- TASK DETAILS: Please retype the listing below exactly as it stands, skipping any pictures.

- INPUT DATA:
----------

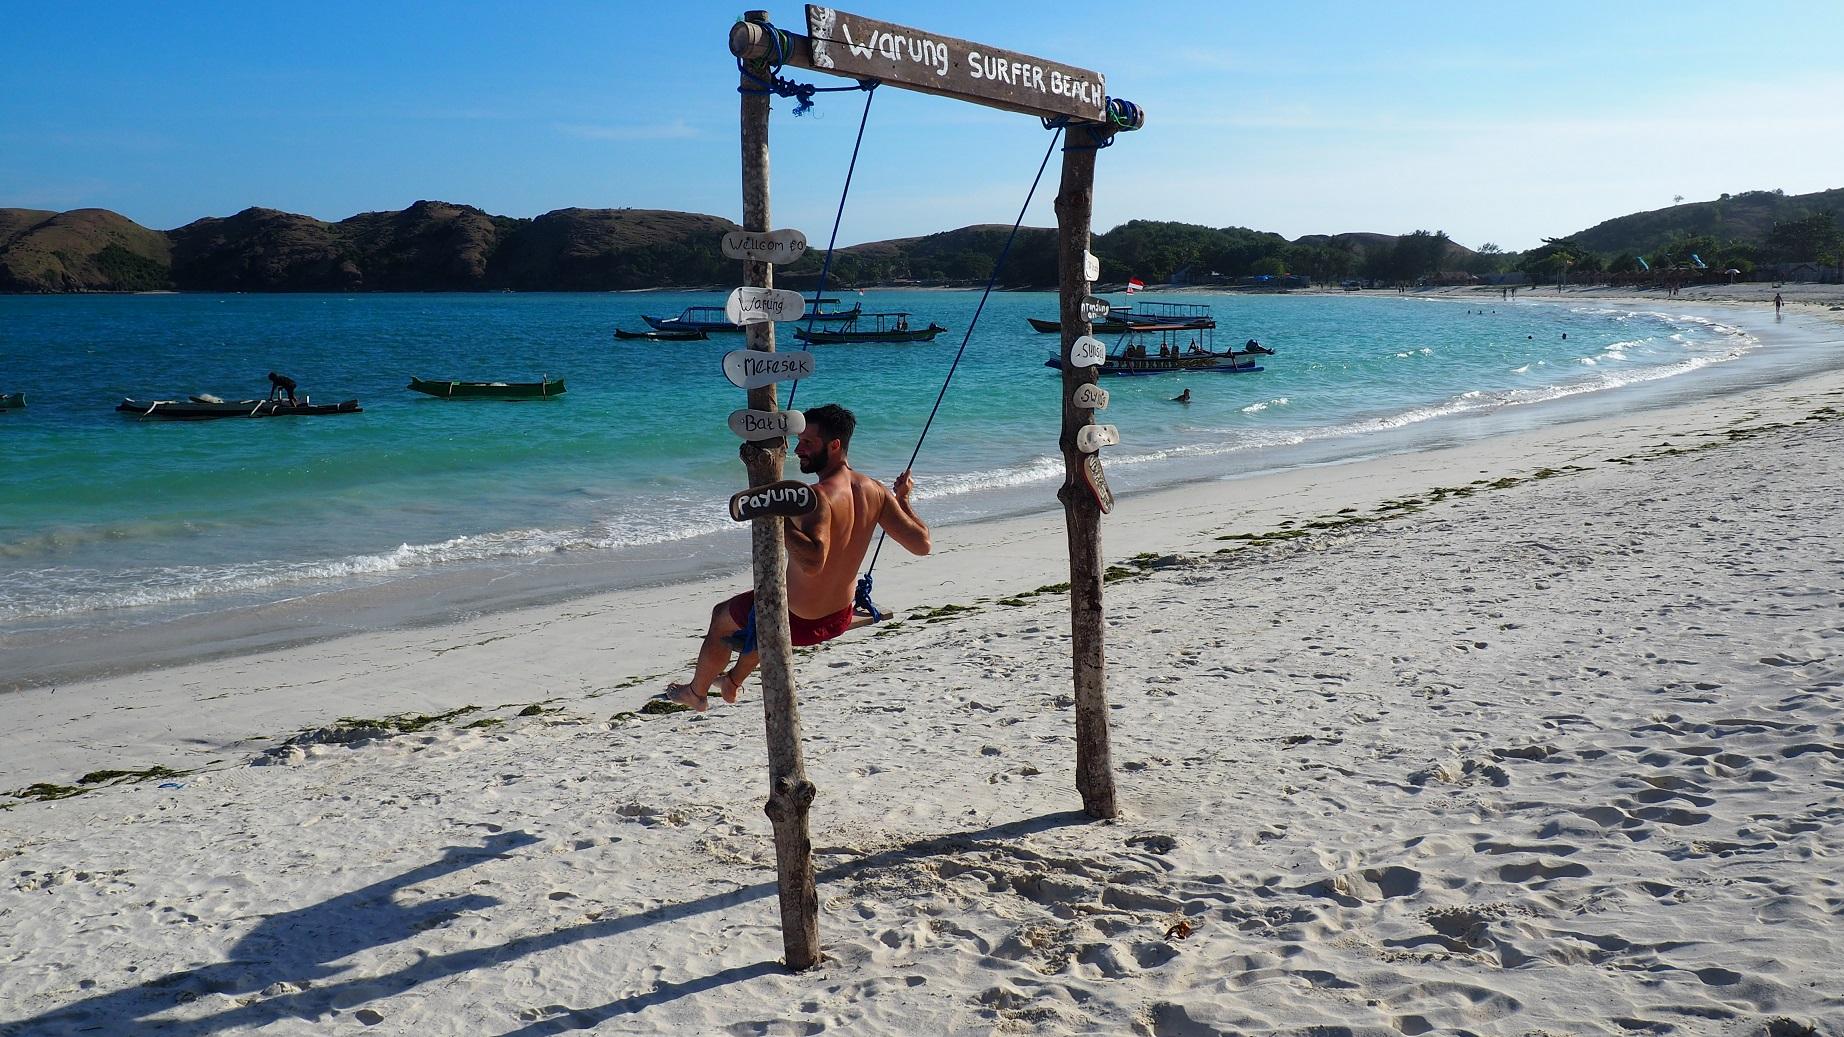 lombok-bali-interesante-orte
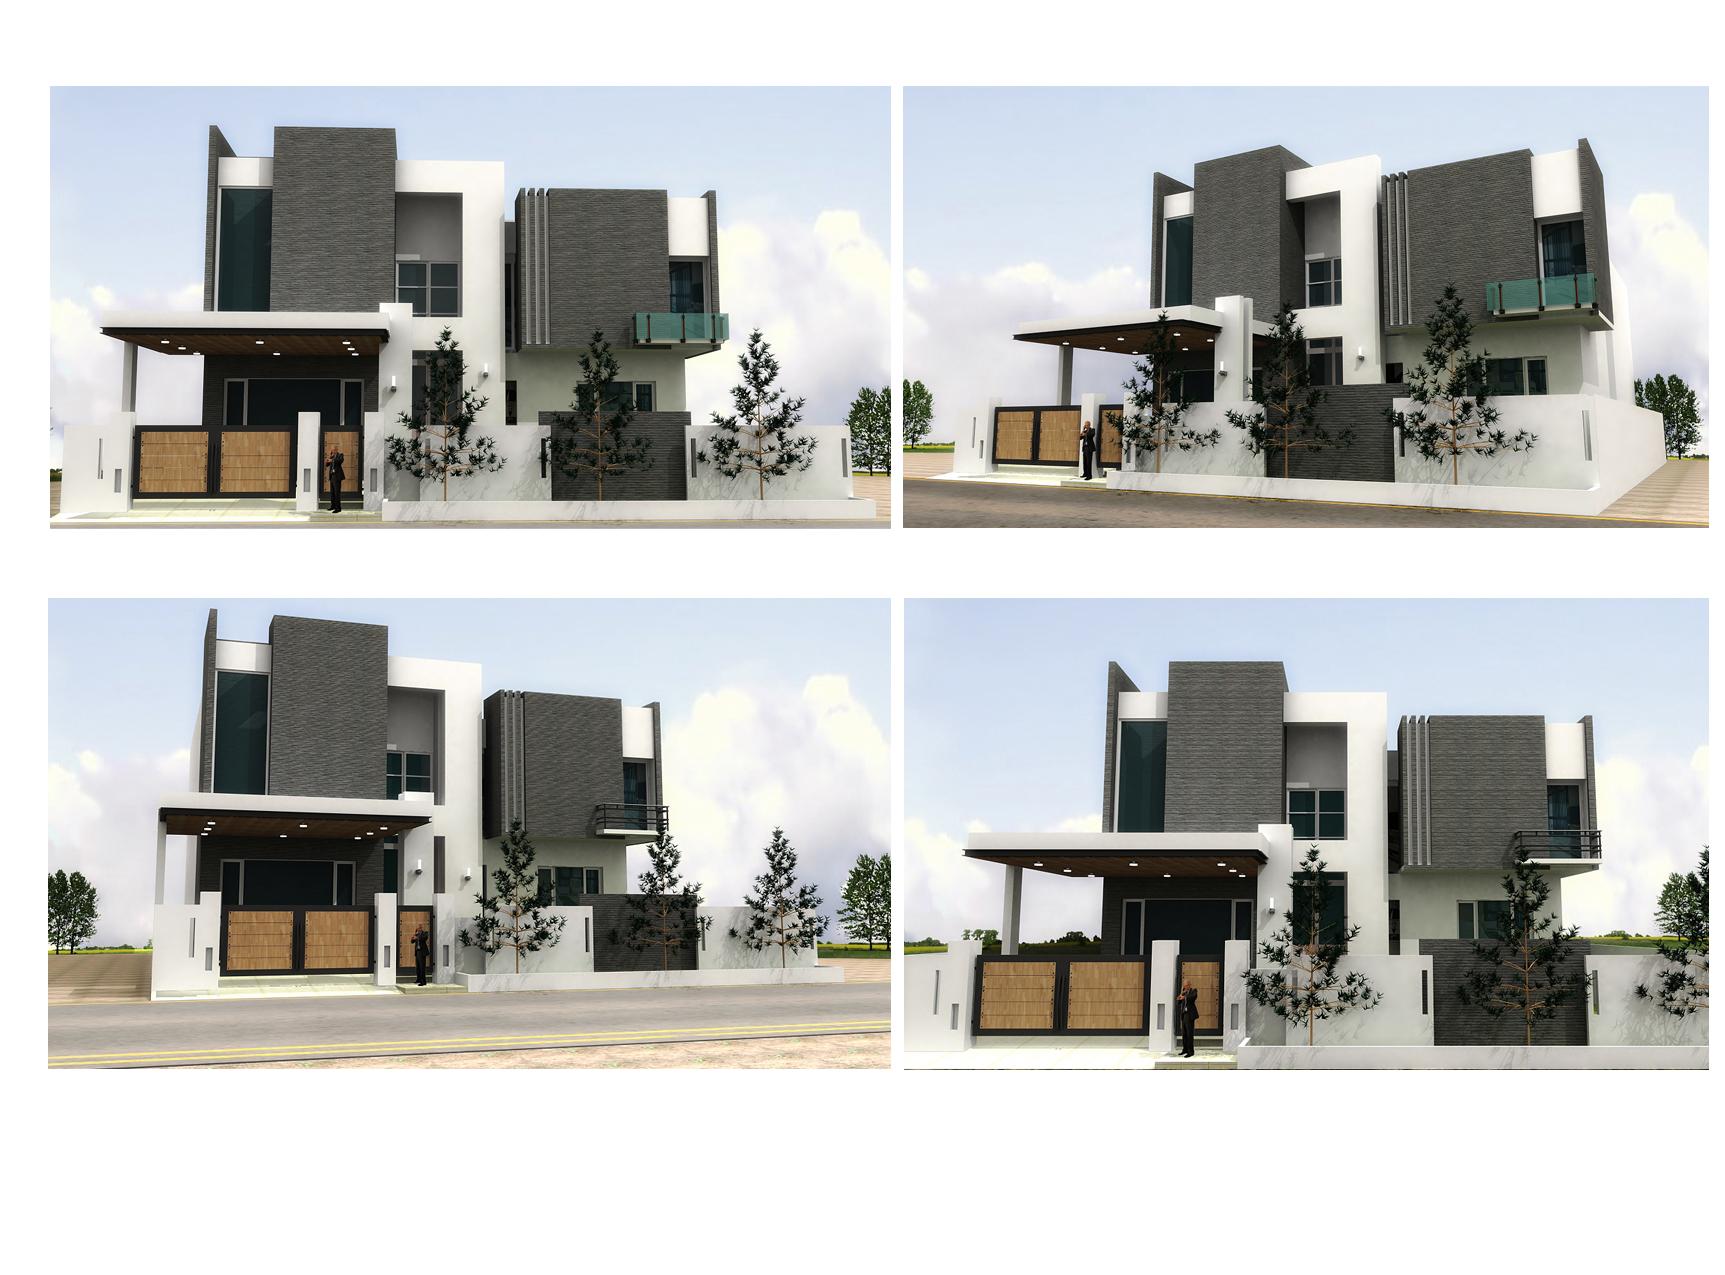 Sami Ullah Building Architecture
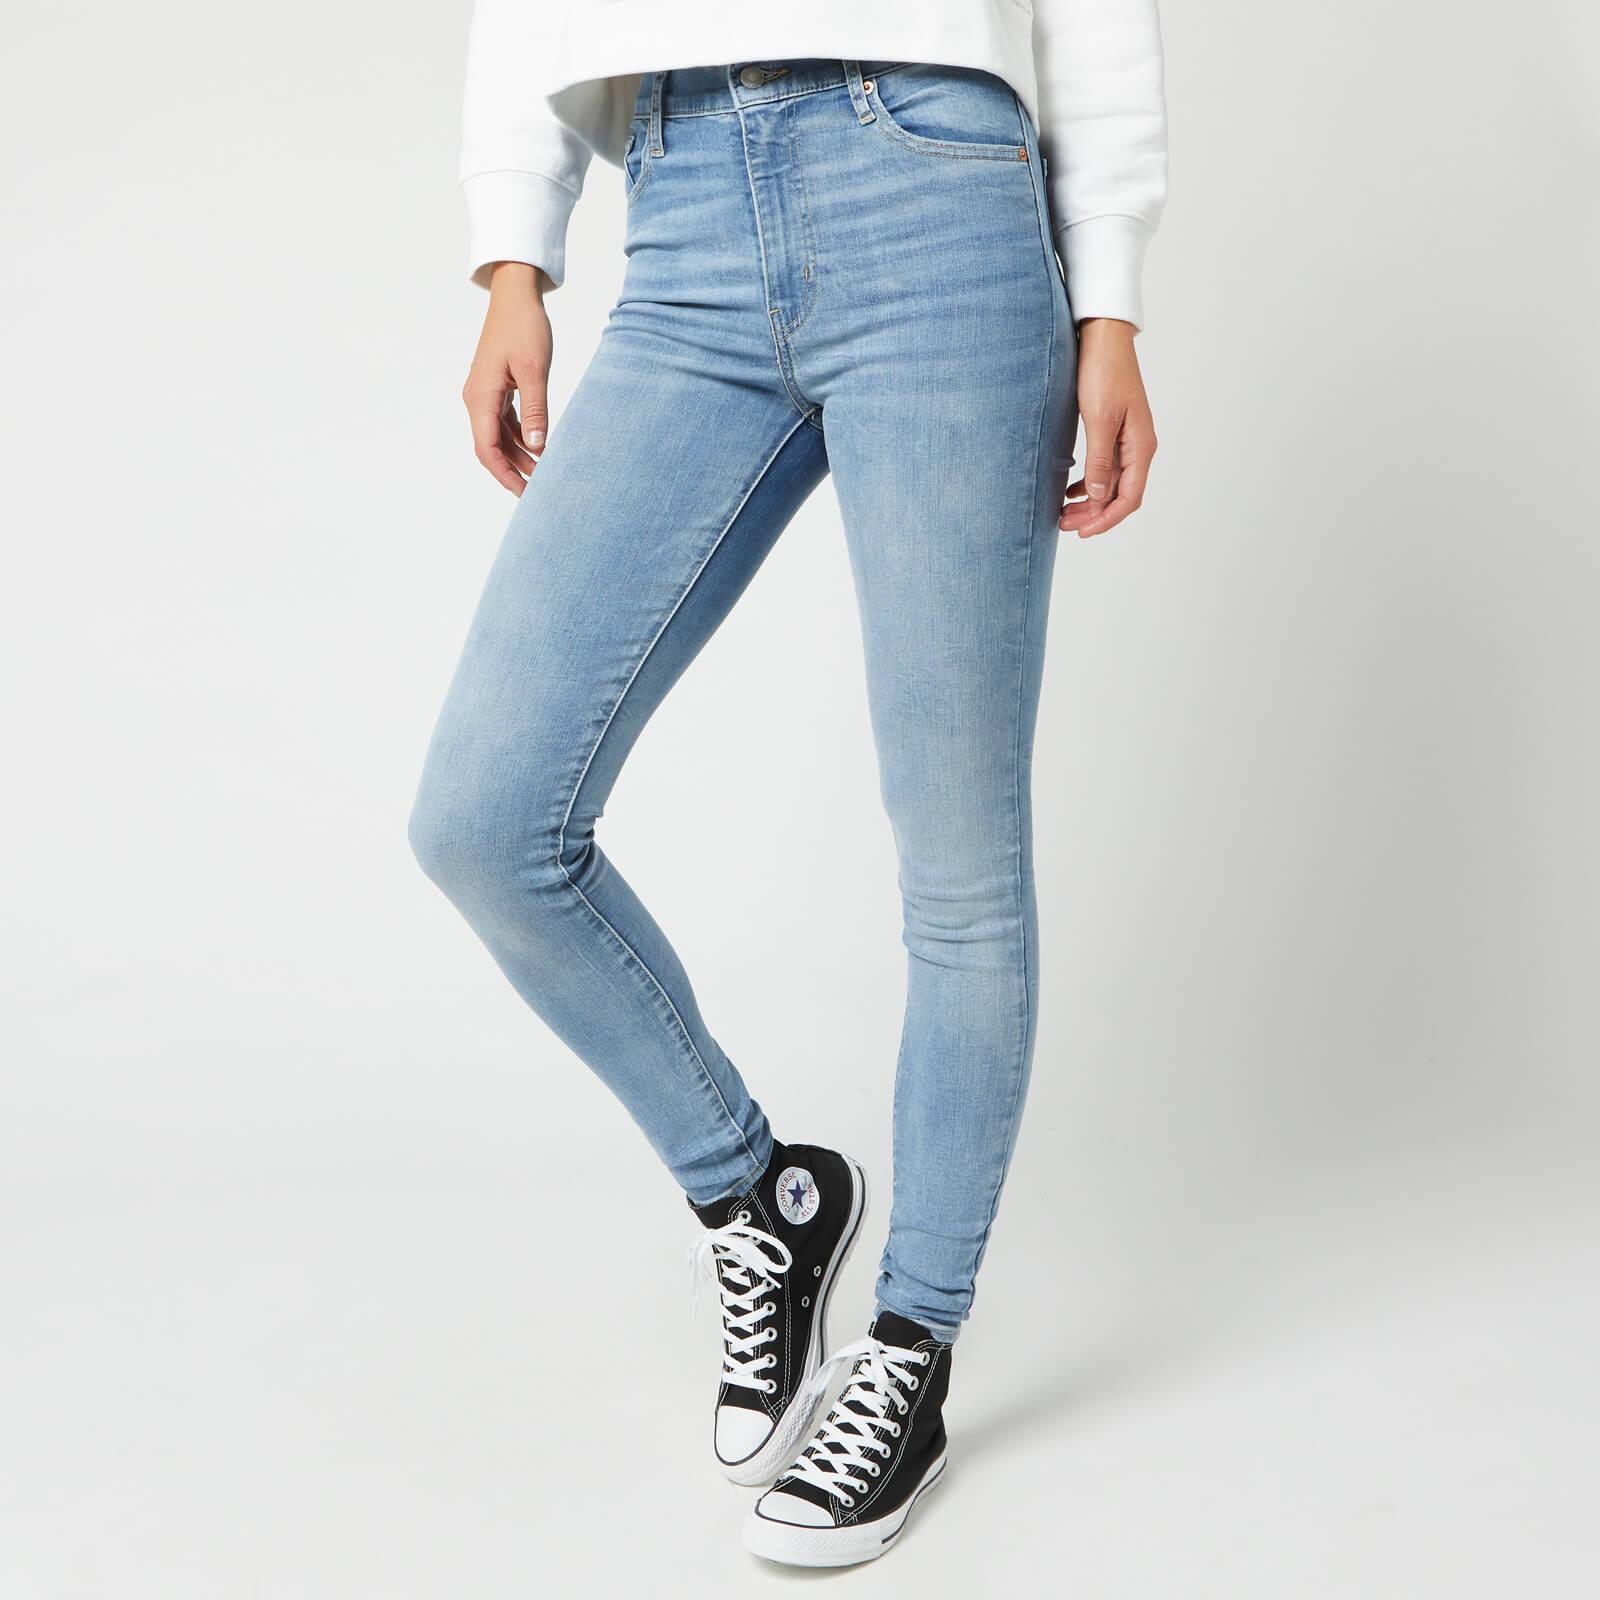 Levi's s Mile High Super Skinny Jeans - You Got Me - W29/L32

----------

- OUTPUT FOR THIS TASK:
 lombok-bali-interesante-orte
 Sami Ullah Building Architecture
 Levi's s Mile High Super Skinny Jeans - You Got Me - W29/L32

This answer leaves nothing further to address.